This invention relates to a combustion detecting element for detecting incomplete combustion of a burner.
Various devices are known in the prior art for detecting incomplete combustion having an element body made of zirconia or the like which generates an electric change, for instance, electromotive force, corresponding to an oxygen concentration difference between one side surface of the body and the other side surface of the body. These devices are generally provided on both side surfaces with equal-sized catalytic electrode layers, for instance, porous platinum electrode layers for carrying out a catalytic reaction with combustible gas.

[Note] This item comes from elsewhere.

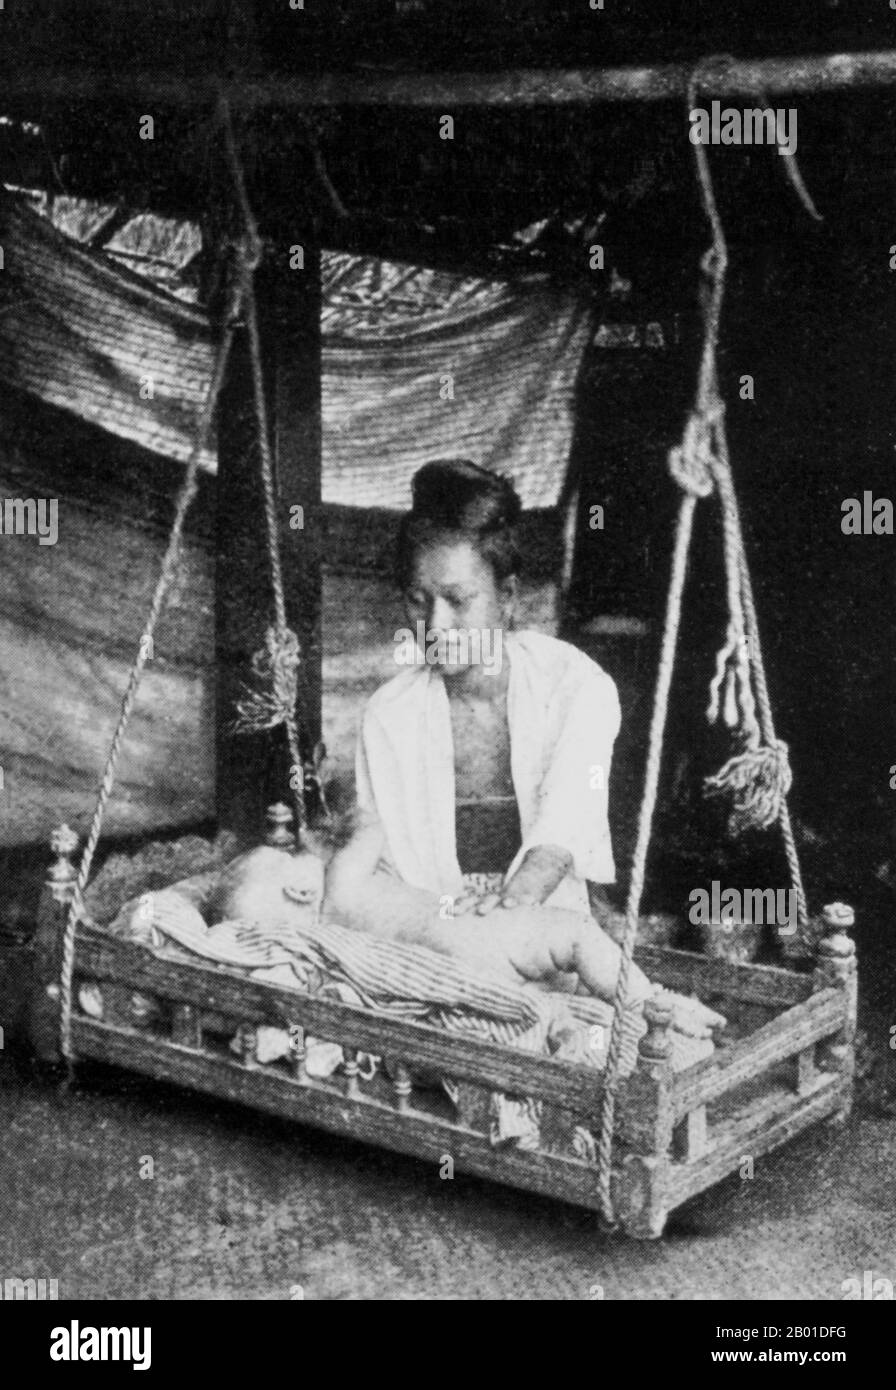 Birmania: Una madre birmana si prende cura di suo figlio che si trova in una culla di legno oscillante (birmano: 'saungban'), c. 1892-1896. La conquista britannica della Birmania è iniziata nel 1824 in risposta ad un tentativo birmano di invadere l'India. Nel 1886, e dopo altre due guerre, la Gran Bretagna aveva incorporato l'intero paese nel Raj britannico. Per stimolare il commercio e facilitare i cambiamenti, gli inglesi hanno introdotto indiani e cinesi, che hanno rapidamente spostato i birmani nelle aree urbane. A oggi Rangoon e Mandalay hanno grandi popolazioni etniche indiane. Sono state costruite ferrovie e scuole, così come un gran numero di carceri. Foto Stock

The element is, for instance, with one side surface (hereinafter the "first surface") thereof facing a burner to be monitored while the other side surface (hereinafter "the second surface") thereof is exposed to a combustion flame of a standing burner, which is burning continuously and impinging on the second surface. With this arrangement, oxygen is consumed in a catalytic combustion reaction of the combustible gas in the flame of the standing burner in the catalytic electrode layer on the second surface. As a result, the oxygen concentration on the second surface side is lowered. In a normal condition, a difference in oxygen concentration is obtained between the second surface and the first surface. However, if there occurs incomplete combustion of the burner being monitored, the flame of the burner contacts the catalytic electrode layer on the first surface. The oxygen concentration on the first surface is lowered by consumption of oxygen caused by the catalytic reaction which is the same as that occurring in the second surface. Thus, the oxygen concentration difference between the two surfaces is decreased and an electric change corresponding to this is produced in the element. In this manner, incomplete combustion in the burner being monitored can be detected. However, a certain disadvantage is present in these prior art devices in that the catalytic reaction of the combustible gas contained in the flame of the standing burner on the catalytic electrode layer on the second surface reduces the oxygen concentration on the second surface to a tremendous degree. It takes a large amount of time before the oxygen concentration on the first surface is lowered enough to a predetermined value in comparison with the oxygen concentration on the second surface after the flame of the burner being monitored comes into contact with the catalytic electrode layer on the one side surface because of incomplete combustion. Thus, these devices are not quickly responsive.